One Nation
James Madison's NOTES on the Federal Convention of 1787; May 30:
[Mr. Morris presented a resolution that was postponed -] "Resolved that the articles of Confederation ought to be so corrected & enlarged, as to accomplish the objects proposed by their institution; namely, common defence, security of liberty & general welfare." [The following were presented:]
1. that a Union of the States merely federal will not accomplish the objects proposed by the articles of Confederation, namely common defence, security of liberty & genl. welfare.
2. that no treaty or treaties among the whole or part of the States, as individual Sovereignties, would be sufficient.
3. that a national Government ought to be established consisting of a supreme Legislative, Executive & Judiciary."
[The third proposition was considered.]
"Genl. PINKNEY expressed a doubt whether the act of Congs. recommending the Convention, or the Commissions of the Deputies to it, could authorise a discussion of a System founded on different principles from the federal Constitution.
"Mr. GERRY seemed to entertain the same doubt.
"Mr. GOVr. MORRIS explained the distinction between a federal and national, supreme, Govt.; the former being a mere compact resting on the good faith of the parties; the latter having a compleat and compulsive operation. He contended that in all Communities there must be one supreme power, and one only.
"Mr. MASON observed that the present confederation was not only deficient in not providing for coercion & punishment agst. delinquent States; but argued very cogently that punishment could not in the nature of things be executed on the States collectively, and therefore that such a Govt. was necessary as could directly operate on individuals, and would punish those only whose guilt required it.
"Mr. SHERMAN who took his seat today, admitted that the Confederation had not given sufficient power to Congs. and that additional powers were necessary; particularly that of raising money which he said would involve many other powers. He admitted also that the General & particular jurisdictions ought in no case to be concurrent. He seemed however not to be disposed to make too great inroads on the existing system; intimating as one reason that it would be wrong to lose every amendment, by inserting such as would not be agreed to by the States.
"...On the question as moved by Mr. Butler, on the third proposition it was resolved in Committee of the whole that a national governt. ought to be established consisting of a supreme Legislative Executive & Judiciary."
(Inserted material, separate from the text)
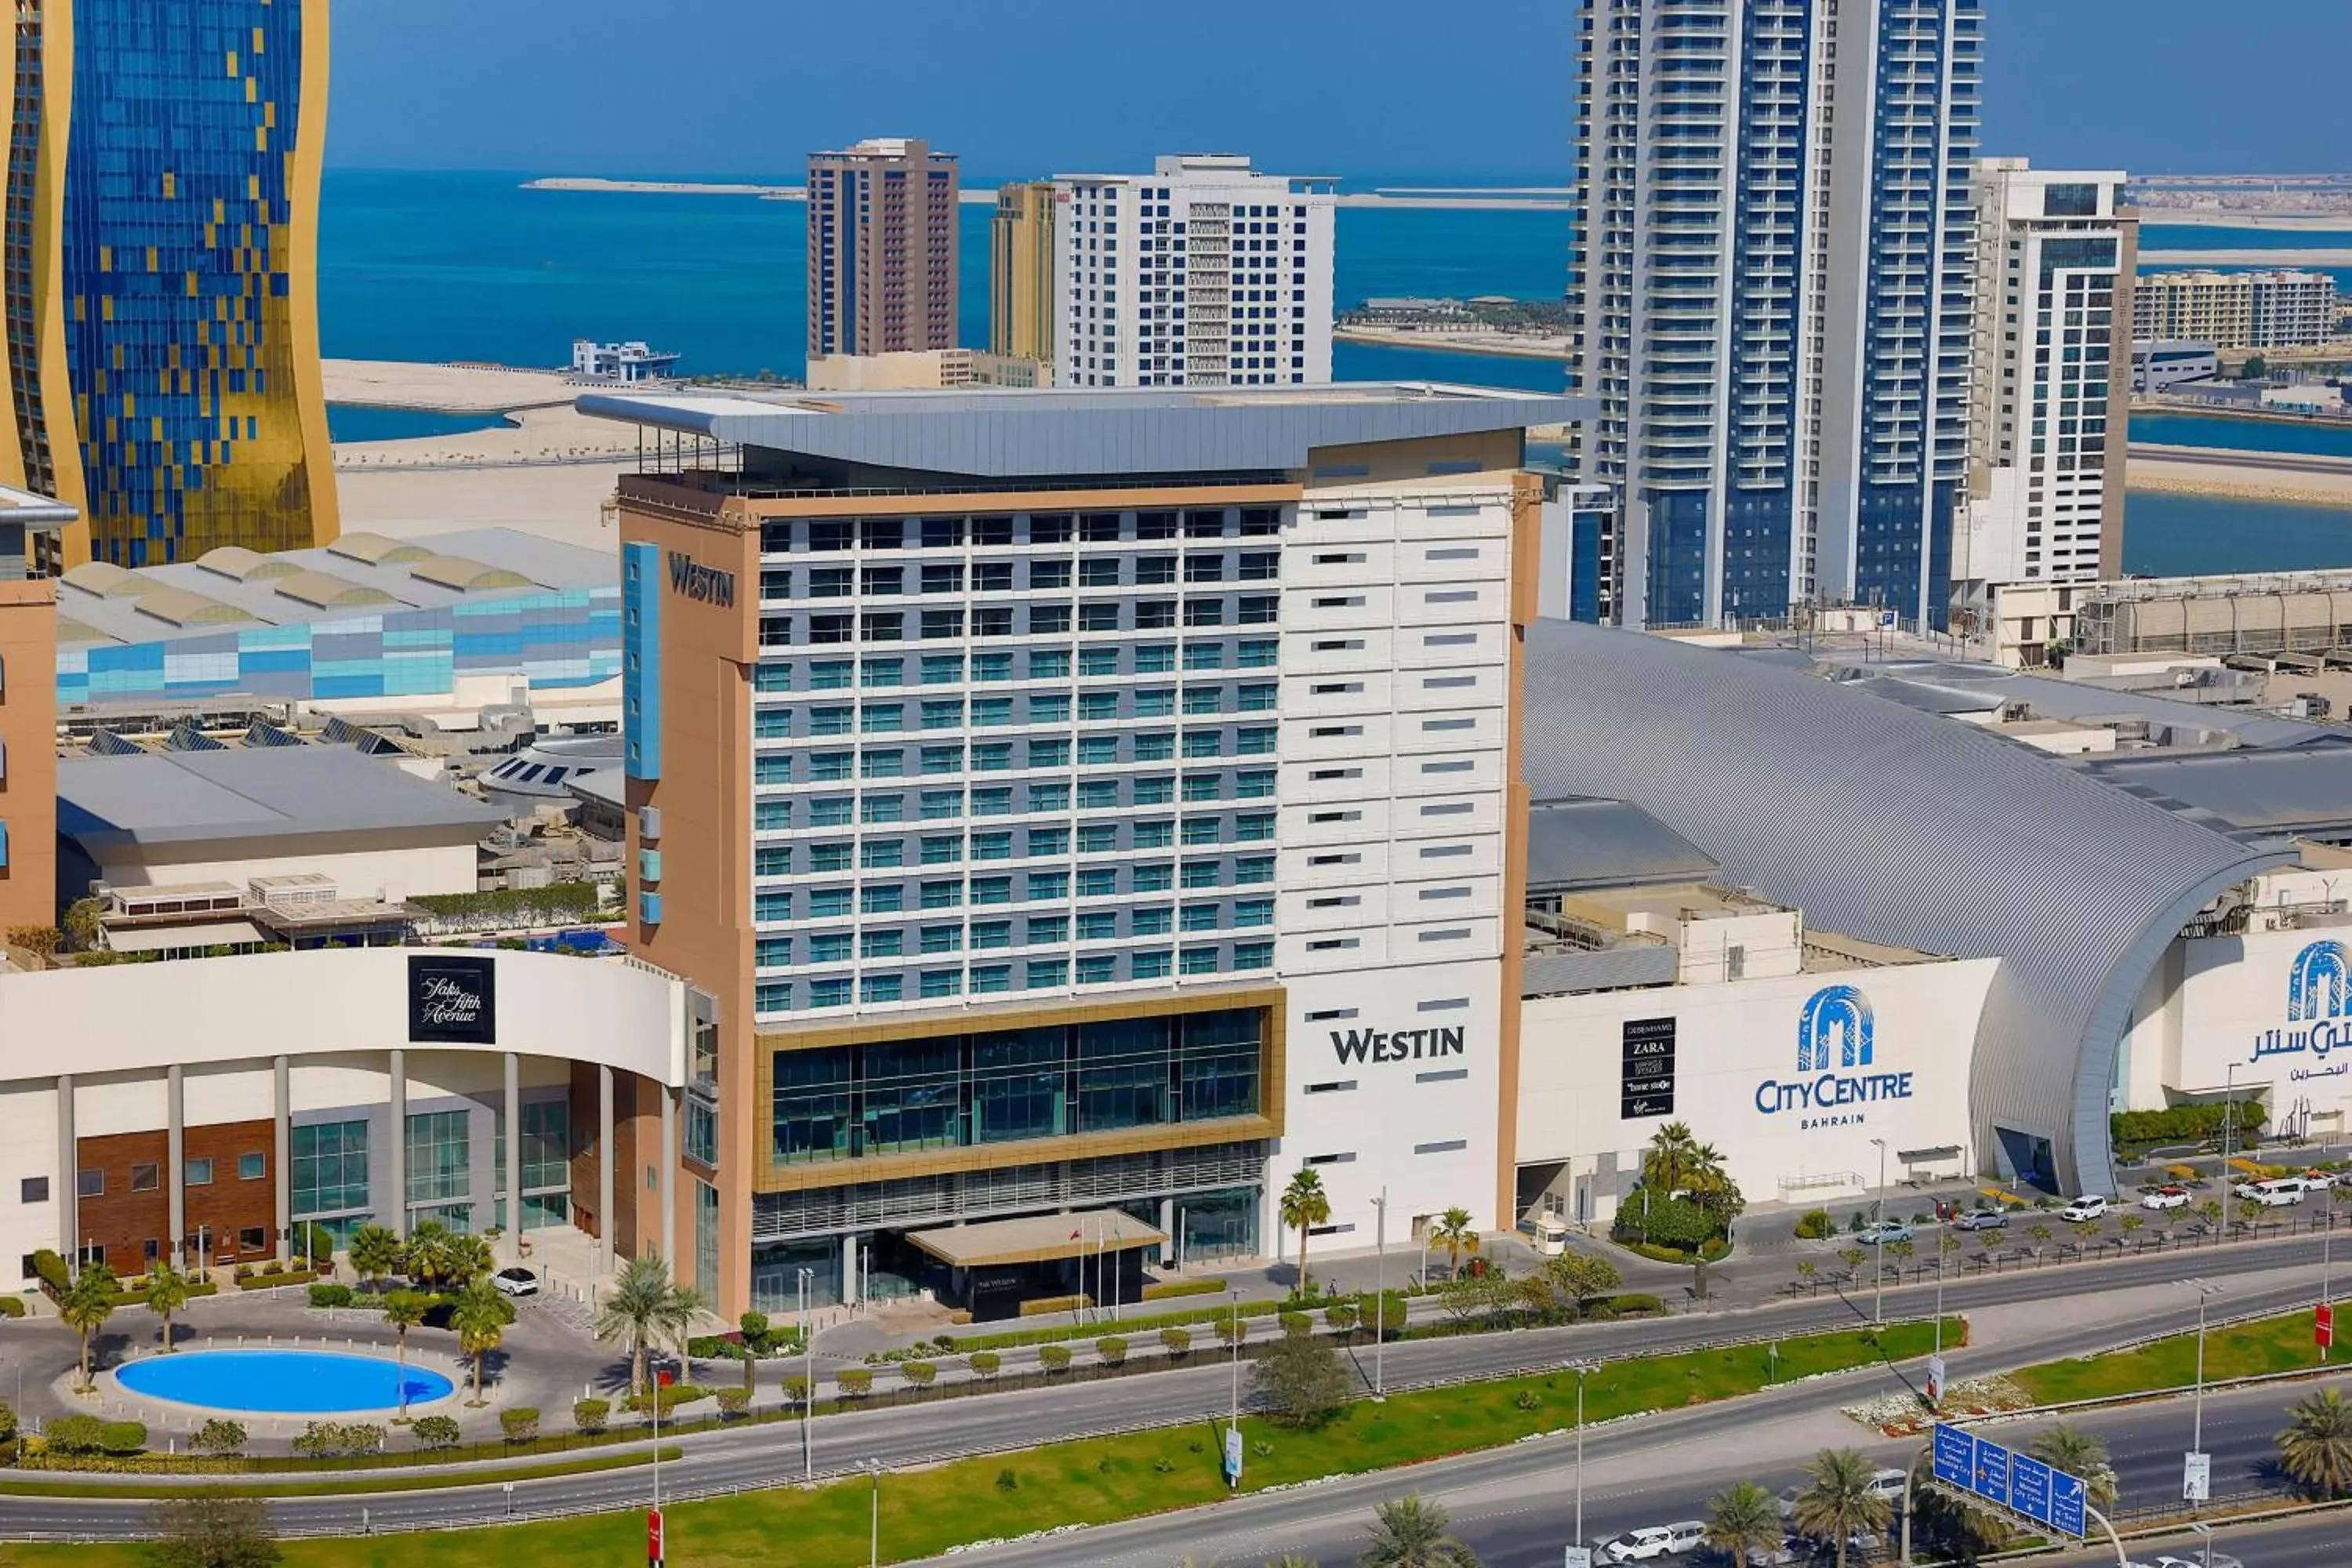 Property building, Bird's-eye View in The Westin City Centre Bahrain
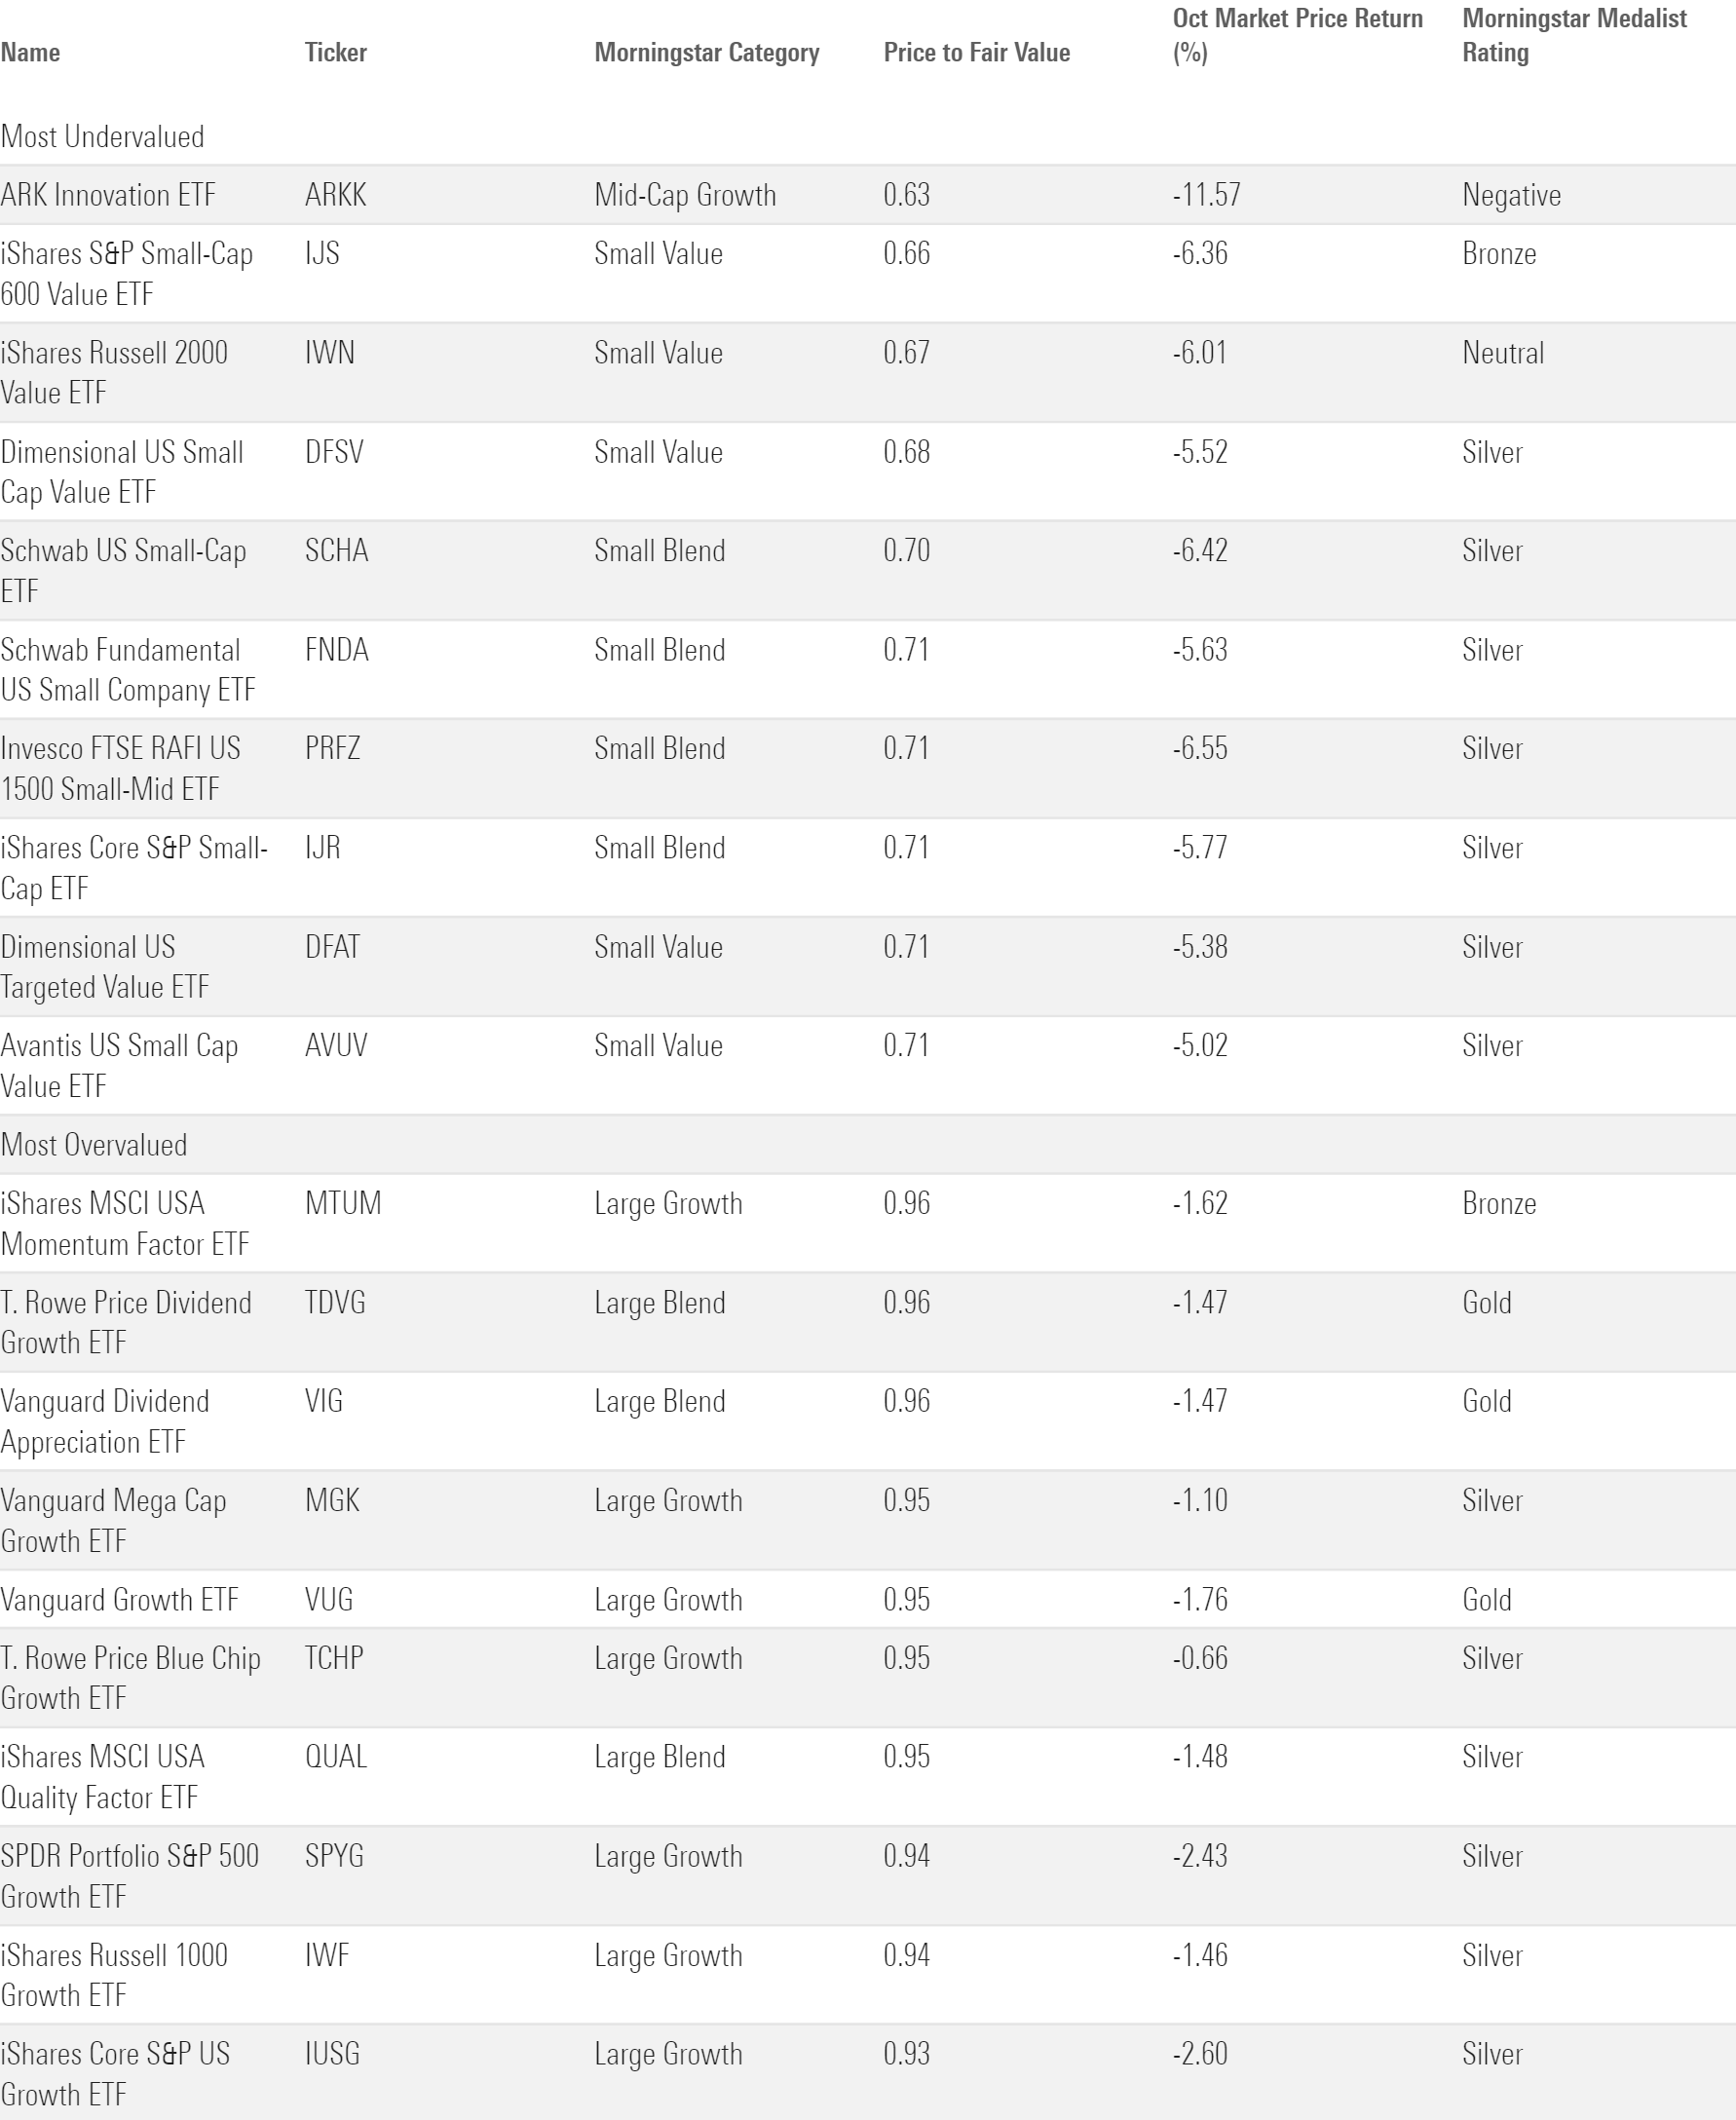 Table that shows the 10 most under- and overvalued analyst-rated ETFs according to Morningstar's price/fair value metric.

As Chief Justice John Marshall stated in Cohens v. Virginia (1821):
"...That the United States form, for many and for most important purposes, a single nation has not yet been denied. In war, we are one people. In making peace, we are one people. In all commercial regulations, we are one and the same people. In many other respects, the American people are one; and the government which is alone capable of controlling and managing their interests in all these respects is the government of the Union. It is their government, and, in that character, they have no other. America has chosen to be, in many respects and to many purposes, a nation; and for all these purposes her government is complete; to all these objects, it is competent. The people have declared that in the exercise of all powers given for these objects it is supreme. It can, then, in effecting these objects, legitimately control all individuals or governments within the American territory. The constitution and laws of a state, so far as they are repugnant to the Constitution and laws of the United States, are absolutely void. These states are constituent parts of the United States; they are members of one great empire-for some purposes sovereign, for some purposes subordinate...."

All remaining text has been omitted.